Thankfully, Alec had sobered up during a long nap after luncheon and was installed in the library with his pipe, looking alert if rather seedy.
‘How can you?’ I said, as he lit up and puffed deeply. ‘At the best of times it’s mysterious enough, but with a hangover? How can you?’
‘I don’t have a hangover, Dandy,’ said Alec witheringly, but at that moment Buttercup’s butler came in with a glass of something effervescent on a small tray which he proffered to Alec with an assurance that Mr de Cassilis swore by it.
‘Hm,’ I said, with what I thought was great restraint. ‘I’m off to change.’
‘Yes, please do,’ said Alec. ‘You stink, darling. What is it?’
‘Whisky, dog’s blood, horse dung and rotting leaves,’ I said. ‘I’ll explain when I return.’
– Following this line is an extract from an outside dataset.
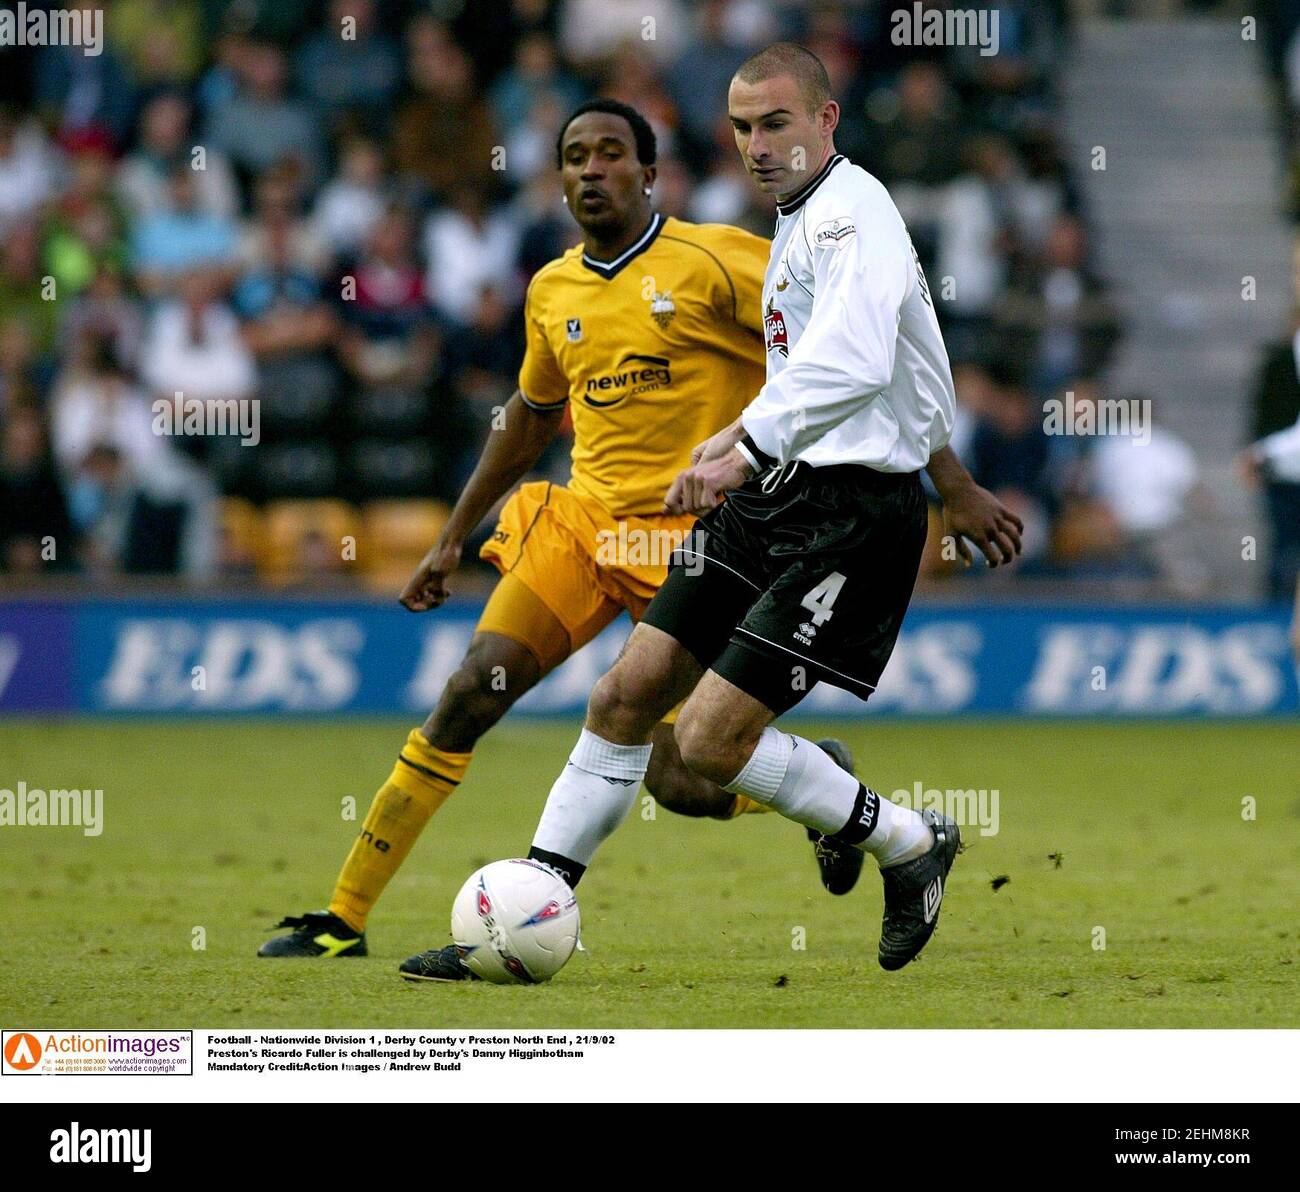 Football - Nationwide Division 1 , Derby County v Preston North End , 21/9/02  Preston's Ricardo Fuller is challenged by Derby's Danny Higginbotham  Mandatory Credit:Action Images / Andrew Budd Stock Photo

It was almost teatime before I was back with him; I had not seemed that bad while I was out in the woods, but standing on the pale carpet in my bedroom I got more and more redolent and disgusting as I peeled off layers, and in the end I bundled up every stitch I had on and rang for a bath. Apart from anything else, a good long spell alone with no interruptions would give me a chance to digest all that I had learned, all that I had surmised on the strength of it, and what I planned to do next. No such luck. I had only just finished running over the peculiar conversation with the Turnbulls when my bedroom door was swept open and I heard Grant’s voice bossing about whatever unfortunate underling had landed the job of carrying my trunk up from the hall.